[
https://issues.apache.org/jira/browse/HDFS-1787?page=com.atlassian.jira.plugin.system.issuetabpanels:comment-tabpanel&focusedCommentId=13047962#comment-13047962
]
Jonathan Hsieh commented on HDFS-1787:
--------------------------------------
{quote}
> Text.readString can throw IOException. The InternalDataNodeException thrown
> on the next line is also a subclass of IOException. Behaviorwise it would
> essentially use the same error recovery path.
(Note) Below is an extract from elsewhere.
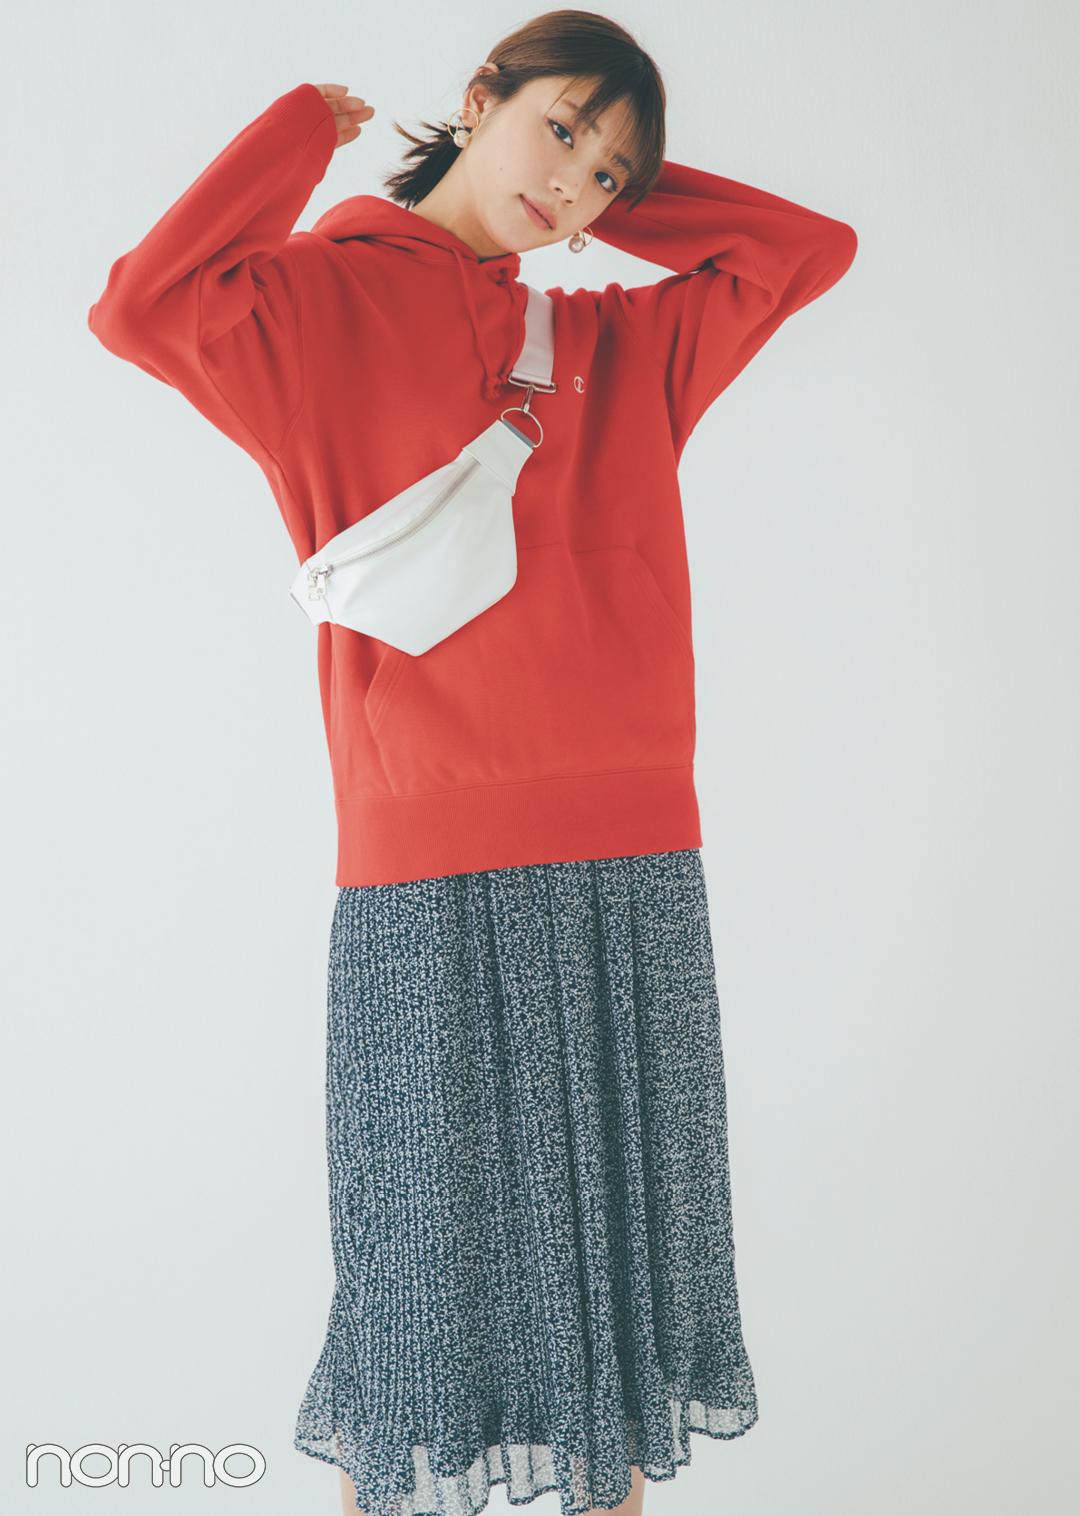 貴島明日香の赤×白×ネイビーがお手本! 好感度&おしゃれ感どっちも♡  _1_3-3

However, we will loss the information like socket addresses.
{quote}
I believe this is already an error path, but I'll look into this more.
{quote}
Some comments:
Please combine them into one message.
{code}
+ DFSClient.LOG.warn("Failed to connect to" + targetAddr +": "
+ + ex.getMessage());
+ DFSClient.LOG.warn(" Adding to deadNodes and continuing");
{code}
{quote}
My plan is to add \n's to the log message.
{quote}
{code}
It is better to log the exception.
+ } catch (IOException e) {
+ // preserve previous semantics, eat the exception.
+ }
{code}
{quote}
Will add logging.
{quote}
Do we really need internalDNErrors and getInternalDNErrorCount()? It is only
used in the tests.
{quote}
Can you suggest an alternate mechanism for (automated) testing of the changes
other than visual inspection of the logs?
This tests that the error messaging path was exercised and actually provides
some information that may be useful in trouble shooting. I believe there are
annotations in the works that are semantically mean "public for testing but
otherwise private/package". I believe the comment I added would make this
reasonably easy to find when this gets integrated throughout.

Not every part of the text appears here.